We applied DAVID (Huang et al., 2009) with the CMC-based weights and identified one significant pathway: transcription factor activity, sequence-specific DNA binding (GO:0003700, Benjamini-corrected p-value = 4.2×10−3). This pathway was excluded in our earlier analysis because it contained more than 200 genes; when applied, aSPUpath2 could identify this pathway as well (p-value = 4.5 × 10−7). We also applied i-GSEA4GWAS (Zhang et al., 2010) but failed to identify any significant pathways. In addition to the two-step nature of the above two pathway methods (thus depending on the output or performance of the gene-based testing in the first step), in contrast to the one-step approach of aSPUpath2, they also differ with respect to their null hypotheses being tested: both DAVID and i-GSEA4GWAS belong to the category of “competitive tests” testing for the enrichment of the associated genes in the pathway being tested as compared to other pathways, while our aSPUpath2 method is a “self-contained test” as a global test for identifying whether there is (are) any significant gene(s) in the pathway; due to the difference between the null hypotheses being tested, a self-contained test is in general more powerful than a corresponding competitive test.

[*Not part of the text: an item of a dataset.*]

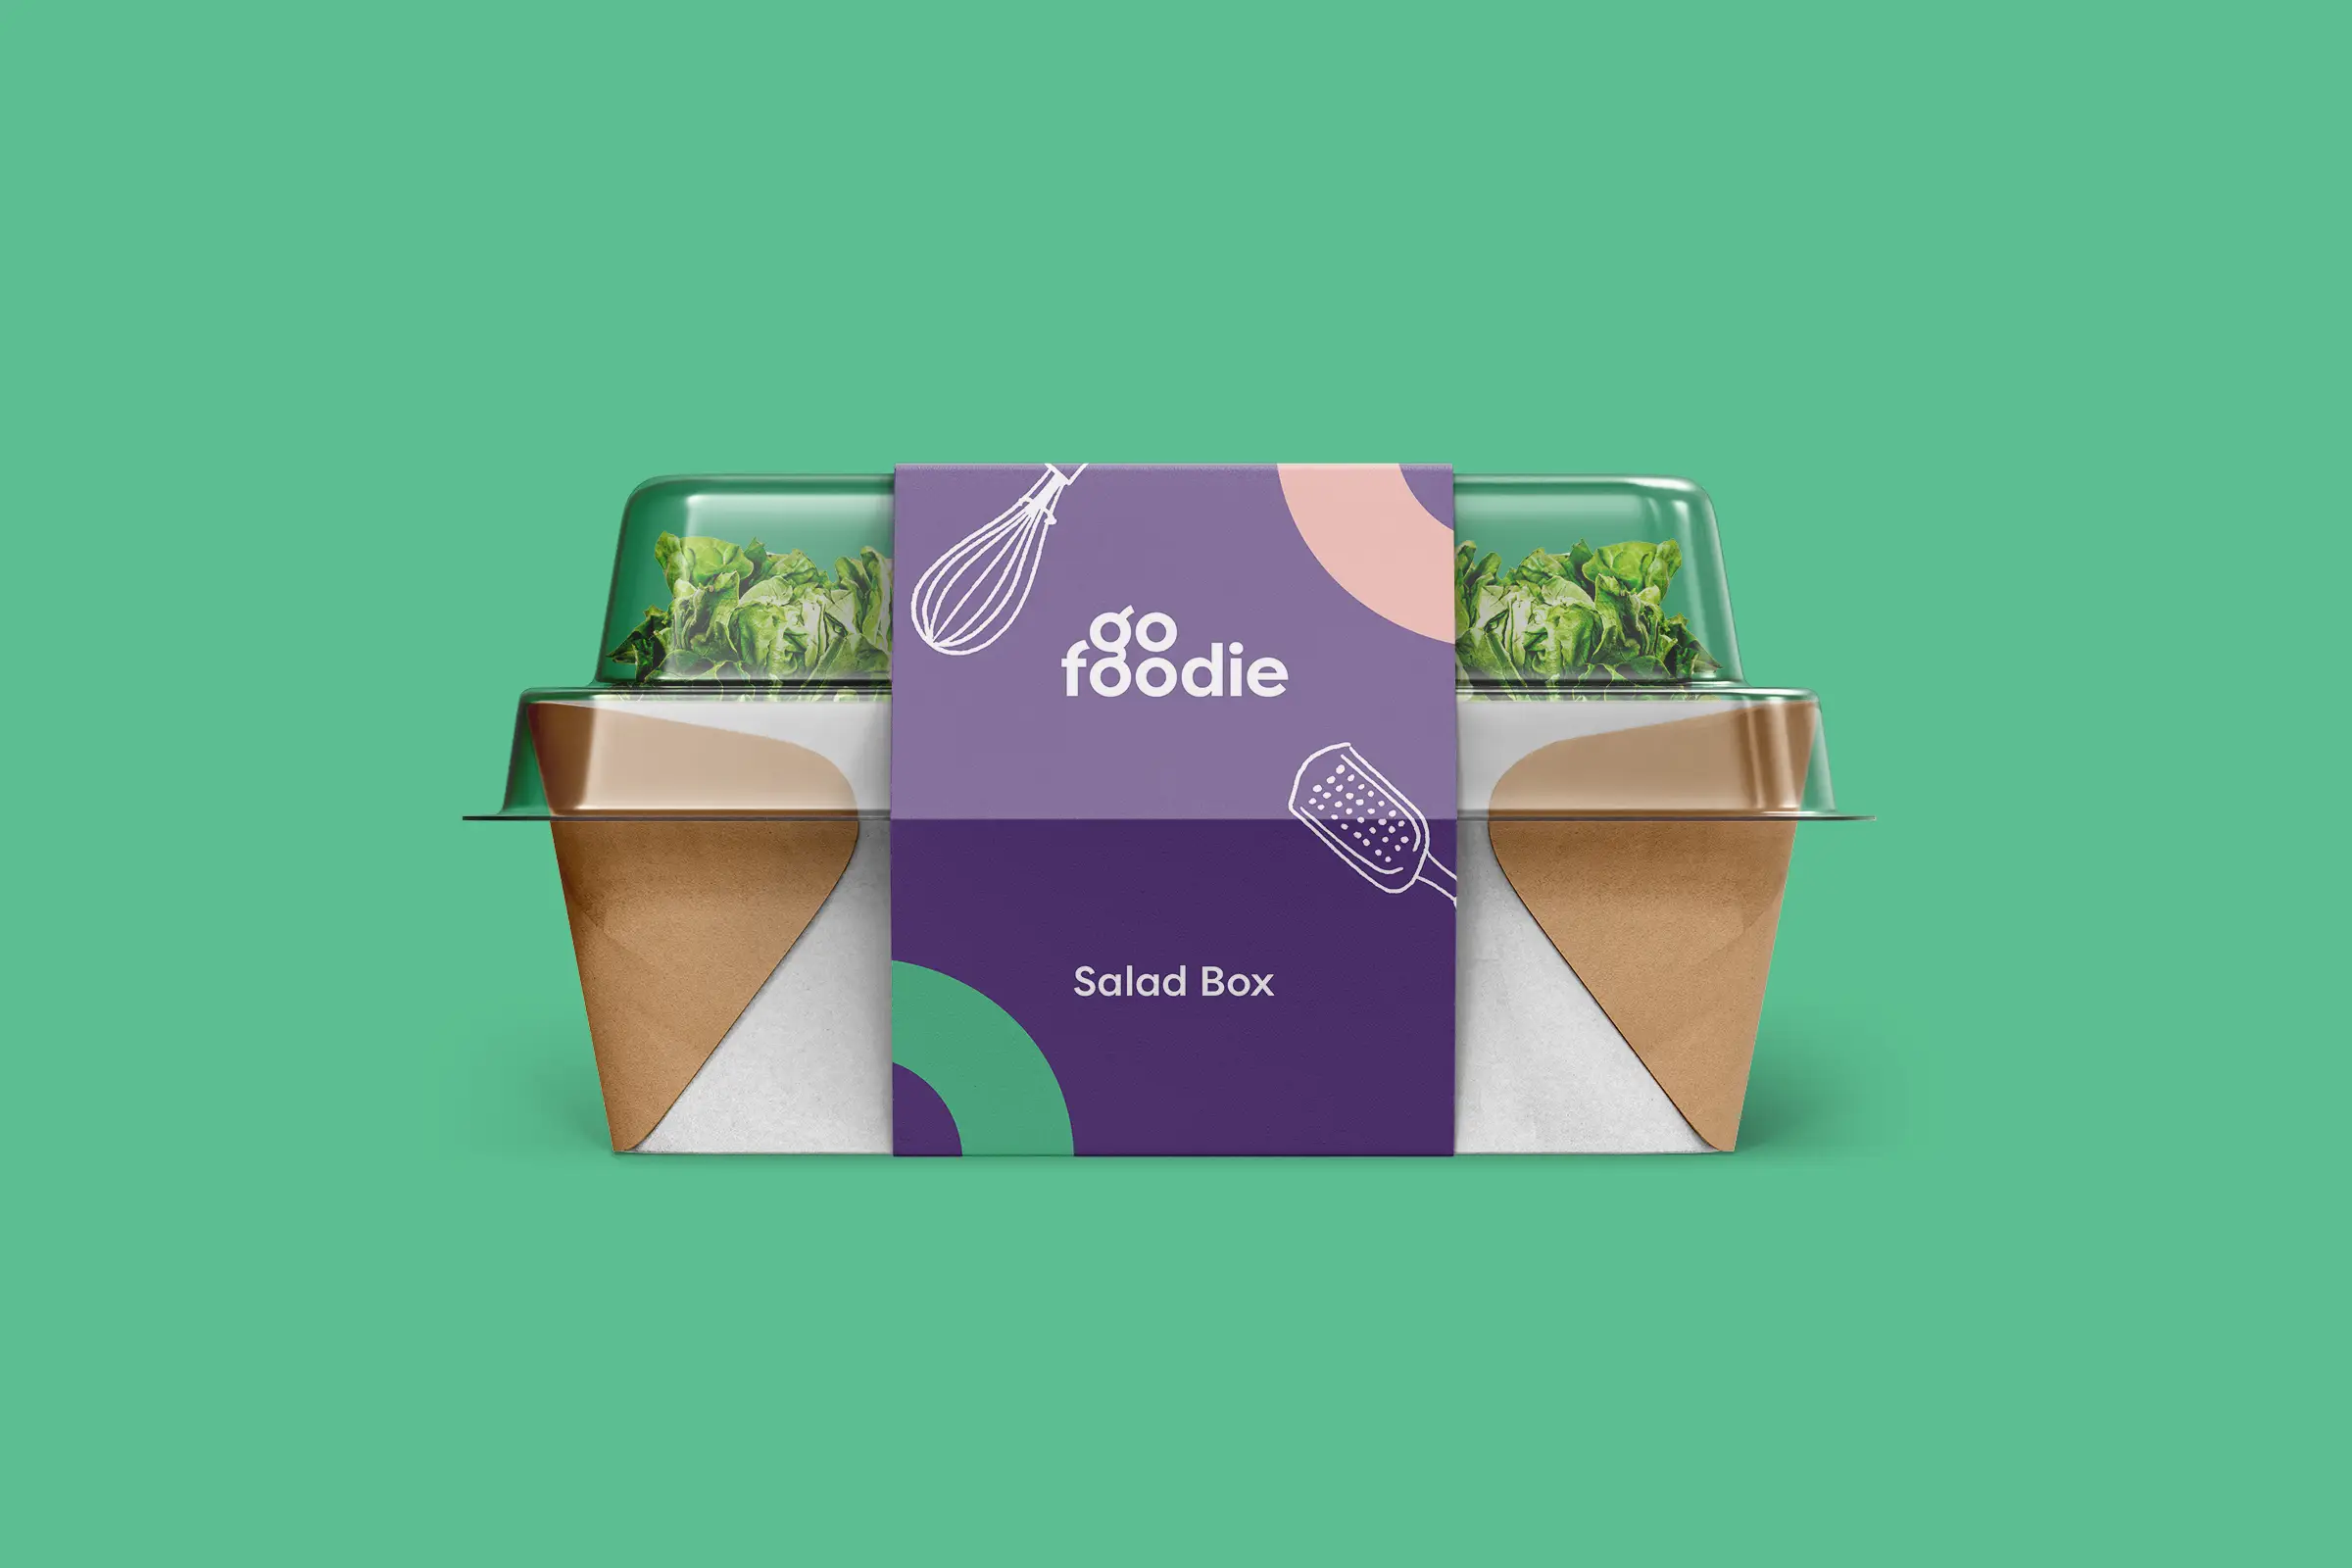 GoFoodie brand identity visual of food packaging by Ten Fathoms

Figure 3 shows the running times for aSPUpath2 and aSPUpath. Due to the computational constraint, we ran at most B = 106 simulations to calculate the p-values for aSPUpath. For the simulation-based method, the running time increased rapidly with the number of simulations, for which a larger value is required for a more significant p-value. In contrast, since the p-values of aSPUpath2 was calculated by the asymptotics-based method, the running time was invariant to the p-values. Supplementary Table 9 shows the 179 significant pathways identified by aSPUpath with the CMC-based weights, of which 139 (around 80%) were also identified by applying aSPUpath2 with the CMC-based weights, constituting a highly significant overlap between their results. Furthermore, aSPUpath2 identified a total of 235 significant pathways, showcasing possibly higher statistical power over aSPUpath for the SCZ2 data. In summary, aSPUpath2 is several orders faster than aSPUpath, more so for large and highly significant pathways, and can be more powerful for densely associated pathways (i.e. those containing many associated SNPs/genes), thus we recommend using aSPUpath2 either alone or as a fast screening procedure for the more time-consuming and more general aSPUpath test.
Simulations
We conducted simulation studies to evaluate and compare the performance of our proposed new aSPUpath2 test with the aSPUpath test. We generated simulated data to mimic real data: we used the GO Biological Process pathways and CMC-derived SNP weights, and simulated z-scores as GWAS summary statistics for SNPs. Specifically, for a given pathway S* in the GO Biological Process pathway database, we first removed the genes whose CMC-derived SNP weights were all 0, resulting in a subset S containing n genes and p SNPs with none-zero weights. We generated a z-score vector from a multivariate normal distribution, Z ~ N(μ, Σ), where μ = (μ1, …, μp)′ was the mean and Σ was the LD matrix based on the 1000 Genomes Project reference panel (European ancestry), respectively. Note that z-scores are expected to have a multivariate normal distribution asymptotically. To save computing time, we assumed that the SNPs from different chromosomes were independent and only considered the pathways with less than 2000 SNPs. In total, we considered 1905 pathways. Further, we defined SNP j was associated or informative with the corresponding μj = sign(Wj)c, where Wj was the CMC-derived weight for SNP j, c ≠ 0 was some positive constant, and sign(a) gave the sign of a; in contrast, SNP j was non-informative with μj = 0. Note that we also considered non-constant |μj| for associated SNPs. To evaluate type I error rates, we considered the null case (set-up A) with no informative SNP (μ = 0). To evaluate power, we further considered the following four set-ups under different situations: set-up B, 50% SNPs in each gene were informative; set-up C, 10% SNPs in each gene were informative; set-up D, only one SNP in each gene was informative; and set-up E, only one SNP in 20% of the genes in the pathway was informative. Other SNPs were set to non-informative and we varied the true association strength c to generate power curves for set-up B to E. After generating a z-score vector for each pathway, we applied both the aSPUpath2 and aSPUpath tests. The entire procedure was repeated about 38,000 times (i.e. 20 per pathway) for set-up A. For other set-ups, with different c, we repeated the entire procedure about 1,900 times (1 per pathway) and fixed the nominal significance level at α = 0.05.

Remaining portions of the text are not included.